Но если не поняли свои, тем меньше могли понять его противники. Славянофильская литература сороковых и пятидесятых годов заслонила Киреевского, развернув его мысли в нынешнюю историко-философскую систему. Если бы кто и вздумал докапываться до первоначальной, метафизической мысли, из которой родились, именно в Киреевском, задатки позднейшего славянофильства, он лишь с трудом мог бы разглядеть это зерно за толстым слоем рассуждений о русском быте, о православии, о Петре, об общине и пр. Да никто и не пробовал: не до того было. Идеи общественного строительства, вопрос о политической свободе надолго поглотили внимание общества и литературы; в разгоравшейся борьбе имели значение только исторические теории славянофильства, потому что из них вытекали определенные директивы для будущего; не удивительно, что прогрессивная публицистика только эту сторону славянофильства и знала, только ее и оспаривала, тем более что именно ее, как сказано, преимущественно выдвигали и сами славянофилы. В результате получилось огромное недоразумение, главной жертвой, но и первым виновником которой был Киреевский.

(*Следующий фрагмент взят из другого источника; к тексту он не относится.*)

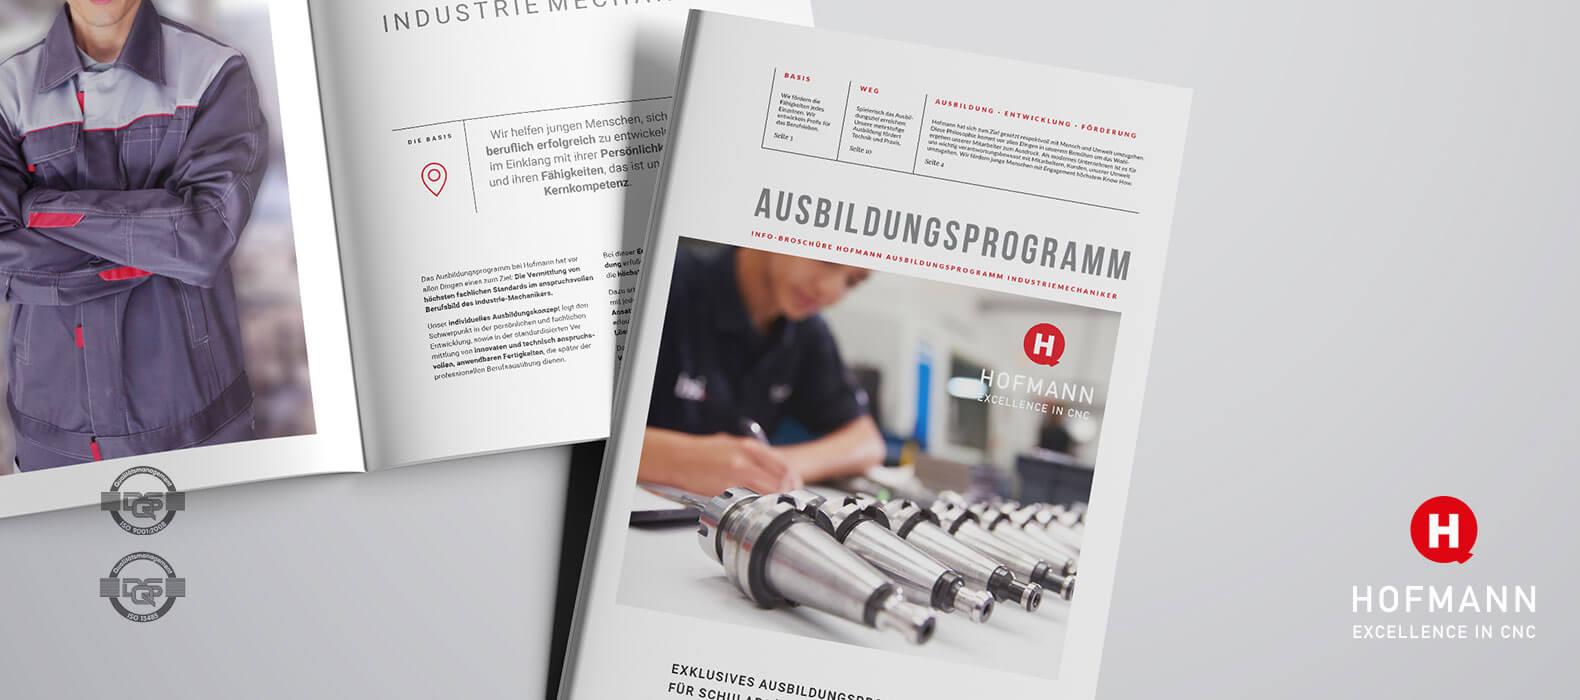 Hofmann CNC Ausbildungsprogramm

Пора исправить ошибку, которая в свое время была психологически неизбежна. Пора вылущить из исторической философии славянофильства то многоценное зерно, которое вложил в нее Киреевский, — зерно непреходящей истины о внутреннем устроении человека.

Была правда в том, что писал Киреевский о рационализме европейской мысли. Кто следит за развитием современной философии на Западе, тот знает, что по всему цивилизованному миру идет в последние два десятилетия великое умственное движение, имеющее предметом единственно чувственно-волевую личность в человеке, направленное к тому, чтобы выяснить ее природу, освободить ее и вручить ей одной, как подобает, и задачу миропознания, и задачу жизненного творчества, узурпированные отвлеченным сознанием. Метерлинк и Ницше — не равные по силе, но одинаково «призванные» вожди этого движения; один без устали слушает и учит нас слышать властный голос нашего чувственного «я», его немолчный отзвук на целостную совокупность бытия; другой учит нас сплачивать в себе эту чувственно-волевую личность и возводить ее до наибольшего могущества. А рядом с ними тем же стремлением поглощены сотни мыслителей и поэтов, и все они в последнем итоге учат тому же, что полвека назад проповедовал Киреевский: познавать и жить цельным духом.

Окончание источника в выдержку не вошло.